As part of the sex/embezzlement/payoffs/tax evasion/etc. scandals, the top-tier televangelist vultures fought over control of the Bakker empire. Jimmy Swaggart kicked the whole thing off by threatening to expose Bakker’s “affair” seven years after the fact, in an attempt to have Bakker disrobed by the Assemblies of God church, which would have triggered a clause in his Heritage USA charter granting ownership to AoG. To evade that clause, Bakker signed it over to Jerry Falwell on a handshake agreement that Falwell would give it back when Bakker was ready; Falwell later double-crossed his fellow man of God and kept the property for himself. The Bakkers’ first TV show, “The 700 Club”, wound up as Pat Robertson’s personal fraudulent cash cow. [Robertson owned the show from the beginning, and merely took over the Bakkers' talk show after they left the station. My mistake.] And through it all - after her many trials, failures, and excesses, and her long association with the cream of the evangelical sleaze - Tammy Faye emerged as an ebulliently loving, accepting, joyous and flamboyant person. Among them all - Bakker, Swaggart, Falwell, Robertson (and throw in Oral Roberts, too, who was pulling his “give me $8 million or God will kill me” stunt [god, what a lost opportunity that was!] just as the Bakker scandal broke) - she was the only one who never stooped to homophobia, and never used hatred as a justification for her own bad behavior, or a reason for others to behave likewise.
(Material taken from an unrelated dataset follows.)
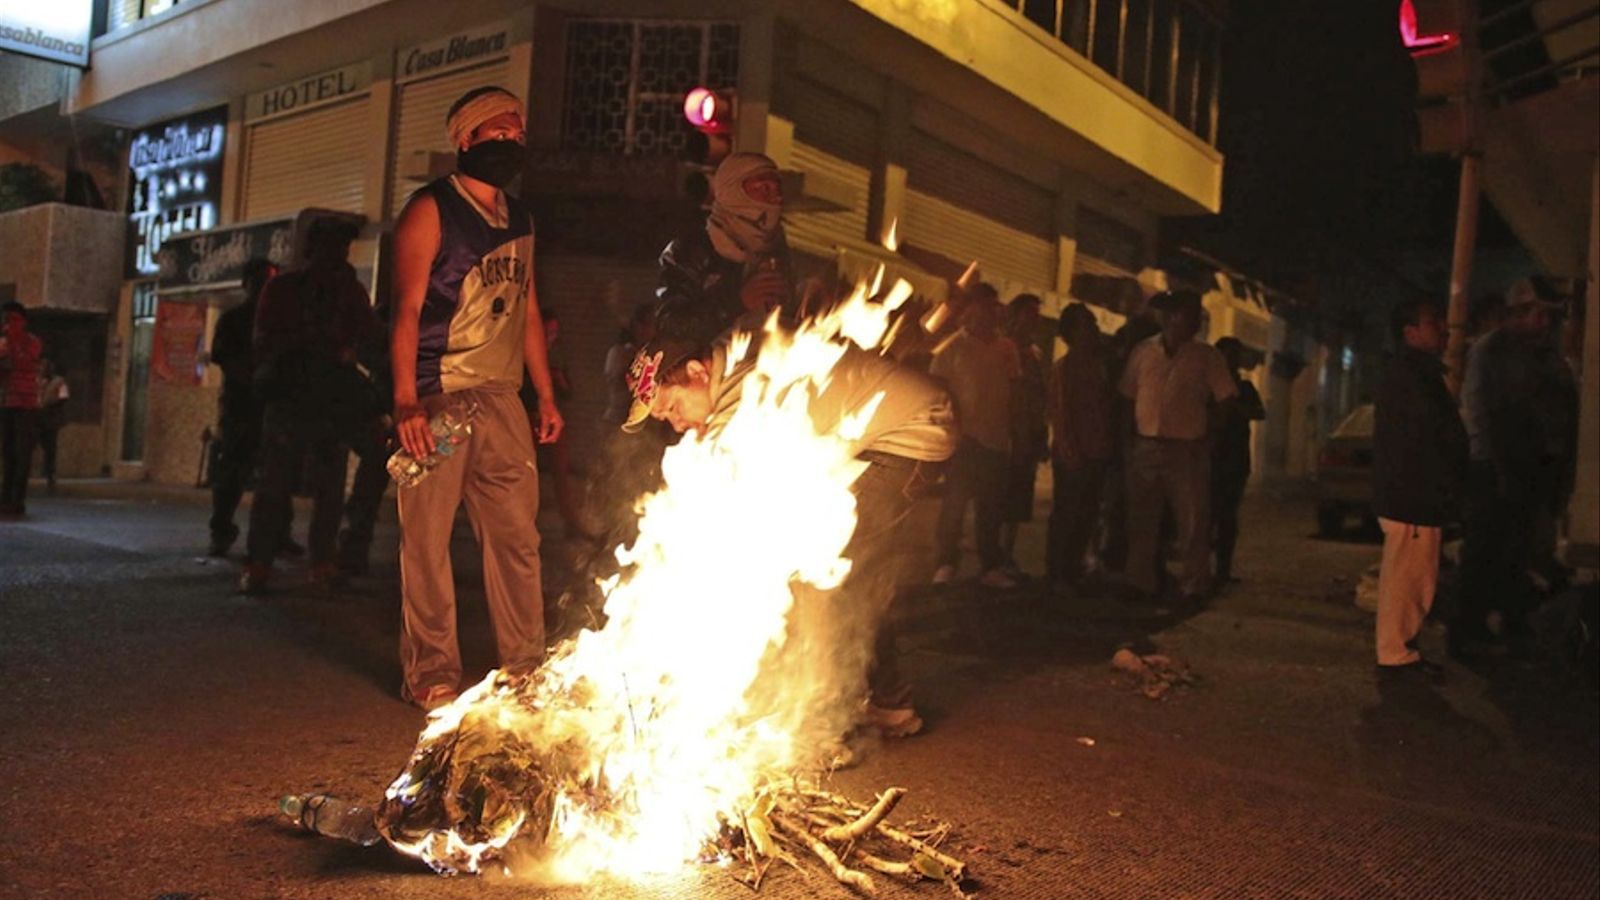 Barricades a Chilpancingo en protesta per l'enfrontament entre policies federals i mestres. EFE

Not only was she not like the other televangelists, she rose far above their level, transcending her teaching and background to embrace and celebrate - and receive the same in return from - those whom her entire life and culture would otherwise have been dedicated to destroying.

Well done, Tammy Faye.

UPDATE: Corrected reference to Pat Robertson & “The 700 Club”.

Categories: Church & State, Culture, General, News & Current Events, Religion |

8 Comments

  1. Fred

    “Bakker signed it over to Jerry Falwell on a handshake agreement that Falwell would give it back when Bakker was ready; Falwell later double-crossed his fellow man of God and kept the property for himself.”

    As usual, you are an unmitigated liar.

  2. Unpartisan.com Political News and Blog Aggregator

    Tammy Faye Messner, ex-wife of disgraced evangelist Jim Bakker, dies at 65…

    Tammy Faye Messner, who as Tammy Faye Bakker helped her husband, Jim, build a multimillion-dollar ev…

  3. Big U

    Not sure about the rest of the comments, but the one about Robertson is completely wrong. He started 700 Club with his money and station. Jim and Tammy Faye came in with him and did an afternoon program but moved on to form PTL with private financial backing. How does someone steal what they owned in the first place.

  4. Dan M.

    KTK could certainly use some clarification there, but he doesn’t claim that tha Bakkers started the 700 Club, but that it was where the Bakkers started. But his phrasing does imply BU’s reading, unfortunately.

  5. jim

    Clearly this whole thing is gay. Congrats Tammy Faye would’ve loved it

  6. Fred

    “The Bakkers’ first TV show, “The 700 Club”, wound up as Pat Robertson’s personal fraudulent cash cow.”

    Another lie by you. The Baaker’s first show was “Come on Over.” The 700 Club started after they left. Do you ever tell the truth?

  7. Kevin T. Keith

    BU/Dan:

    Thanks for the correction; I was wrong on that one. “The 700 Club” and its home station were Robertson’s; Bakker joined early on and developed the talk show format (as a puppet show!) that Robertson took over when they left and made into the center of the channel’s programming, but Robertson owned the overall program.

    It wasn’t accidental that I implied Robertson took the show from Bakker; I thought that was what had happened, but I was wrong. My mistake.

  8. digglahhh

    True and embarrassing story, when my household first got cable, and I saw “The 700 Club” scroll by on the old PreveiwGuide channel, I got really excited because I thought it was going to be a show about Hank Aaron and Babe Ruth.